The executive admitted that his company’s figures could have been even better, but the disruption of supply chains caused by many adverse factors such as port closures in China, congestions on
the U.S. west coast, staff shortages at warehouses as result of the pandemic, and capacity shortages vs. burgeoning demand, did not allow for higher results. In total, the shipping company
transported 11.9 million boxes in the past year, only about 100,000 more than in 2020. The profit is explained by the high freight rates for maritime shipping, which have almost doubled from
previously US$1115 to US$2003 per TEU on average.

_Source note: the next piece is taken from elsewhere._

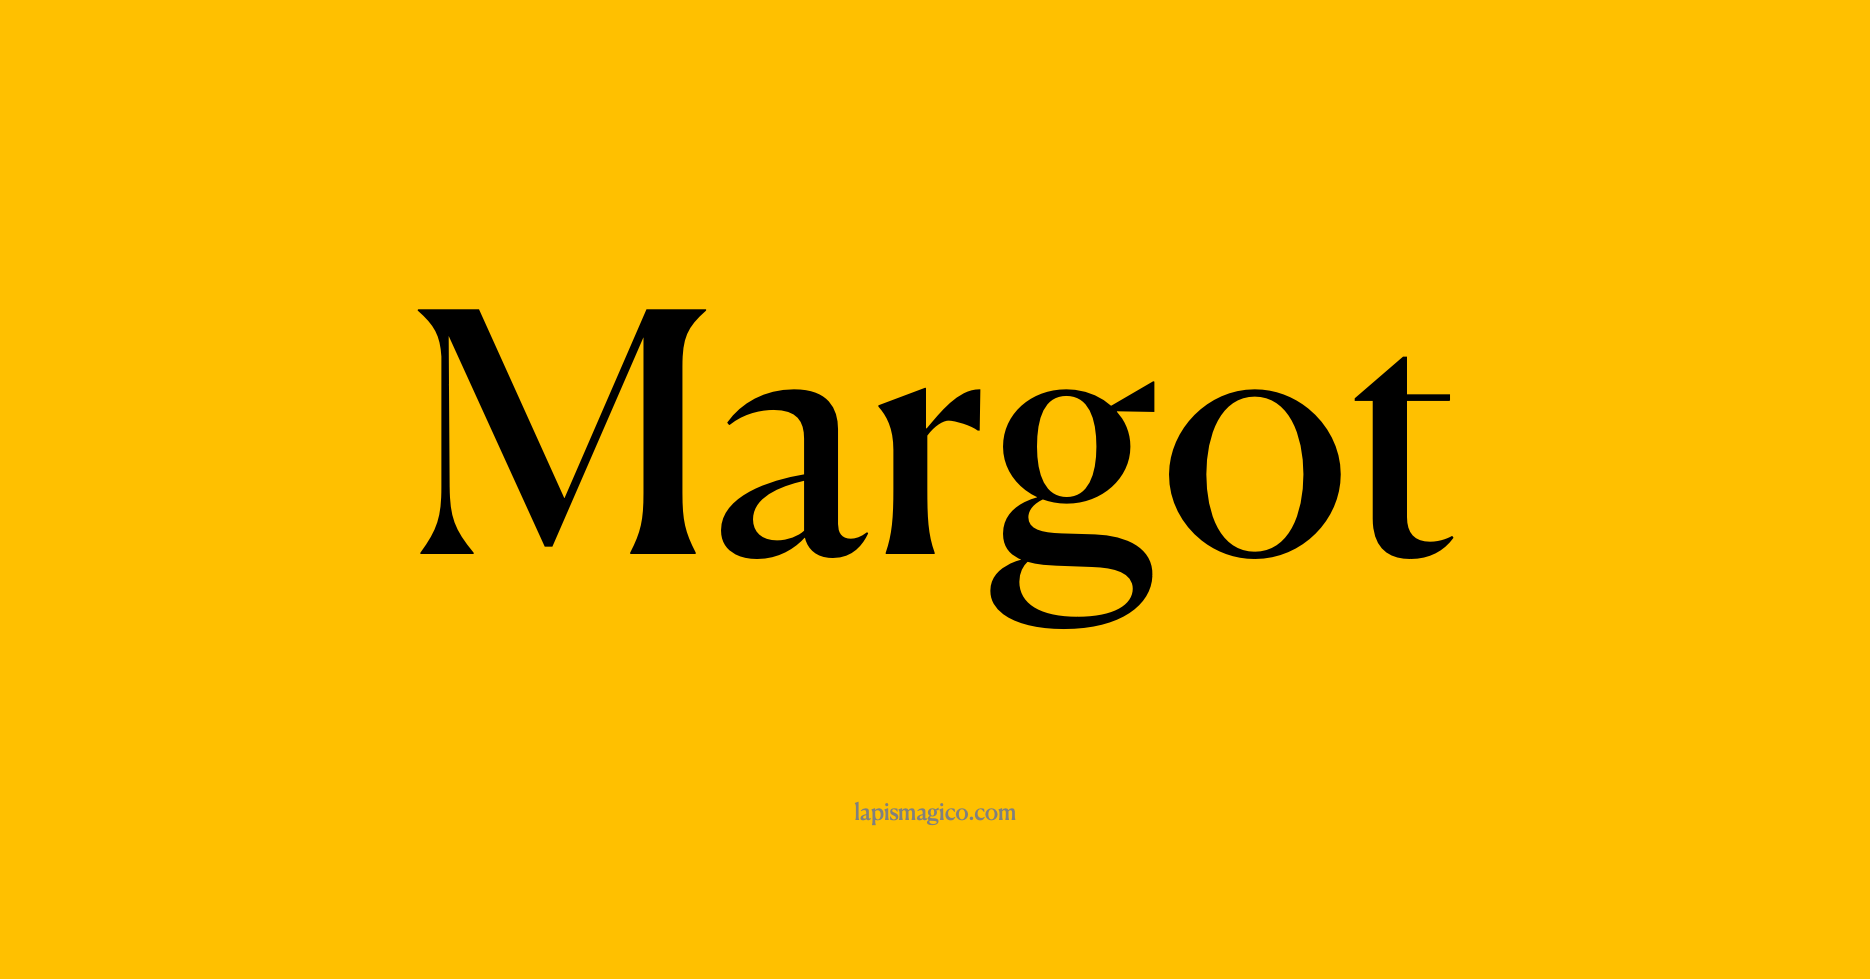 Nome Margot
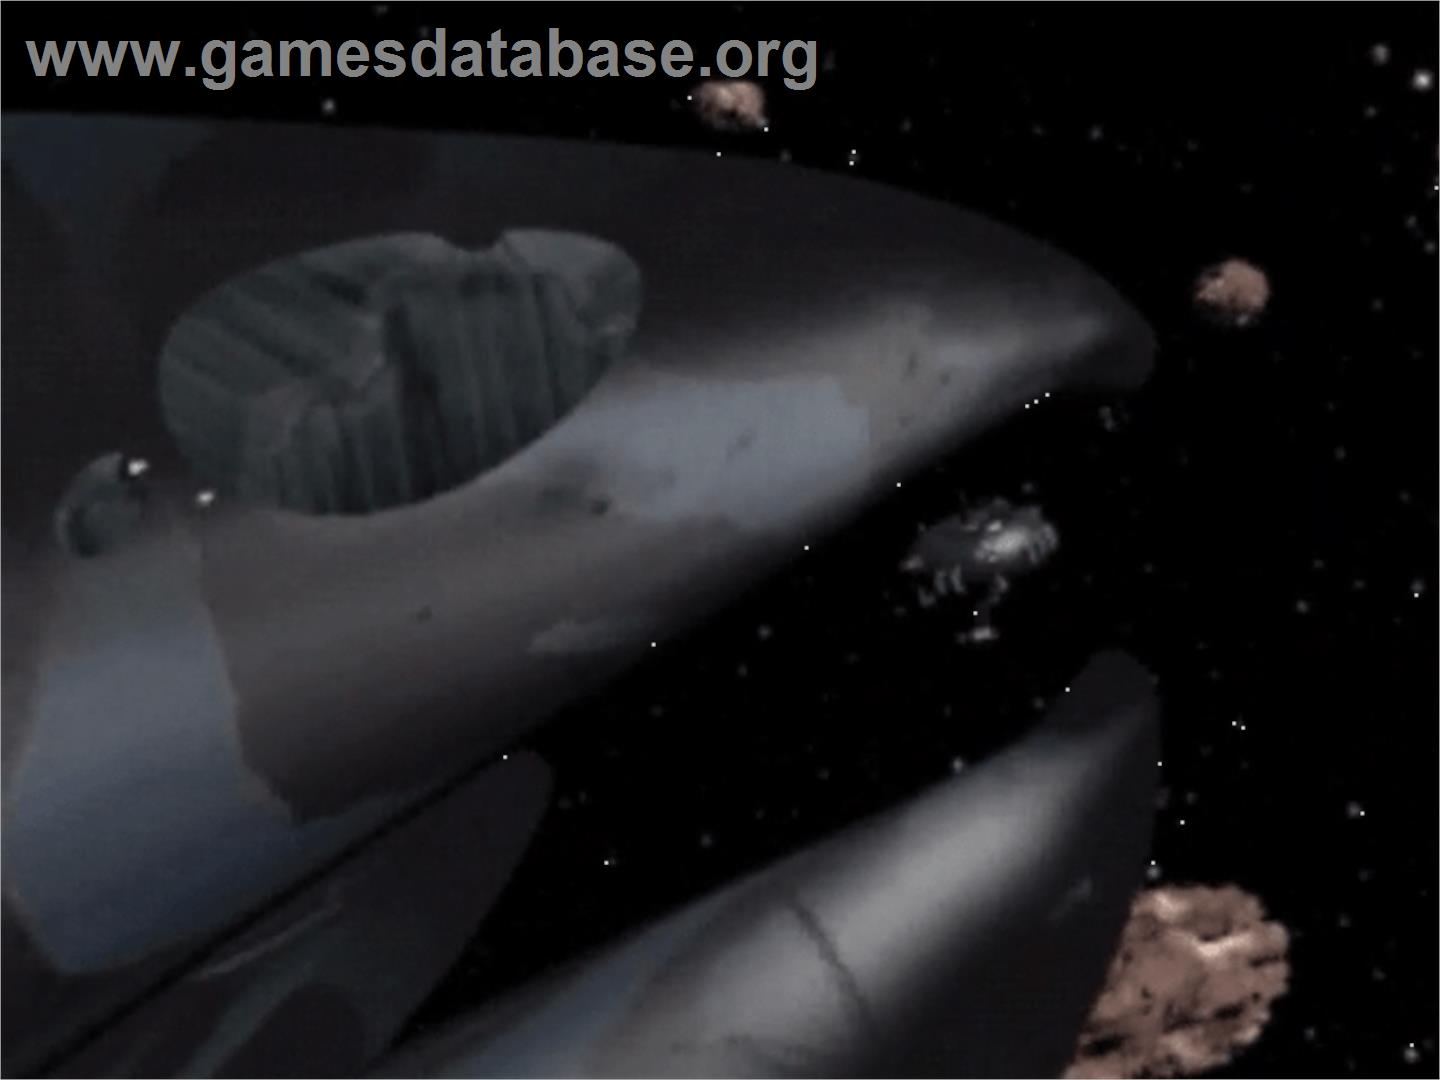 Daedalus Encounter - Panasonic 3DO - Artwork - In Game

“Every ship in our fleet is steaming,” Habben Jansen
“We had no vessels lying idle in any ports, but utilized our transport capacity at maximum limits,” the executive illustrated, reacting to media inquiries as to whether Hapag-Lloyd
purposely withheld capacity to keep rates at high levels, similar to what some Asian peers have been doing. In Korea, a total of 23 container shipping lines, among them, Evergreen, COSCO, HMM,
OOCL, and others, were charged by the authorities for collusion, causing capacity shortages, and fined US$81 million. Investigations on similar charges are also underway in the U.S. Fact is that,
at a time when the shipping world is facing high capacity demand but is hampered by the pandemic and labor shortage at ports, schedule reliability has hit a new low in the industry’s long
history.
Price situation will ease – later this year
Looking ahead, Mr. Habben Jansen stated: “I expect prices to come down as congestions ease. Most likely, this will happen in 6, maybe in 8 months”. However, he warned that “rates
won’t reach pre Covid levels.” Much will depend on the dying out of the pandemic, enabling more staff to return to work in ports and warehouses.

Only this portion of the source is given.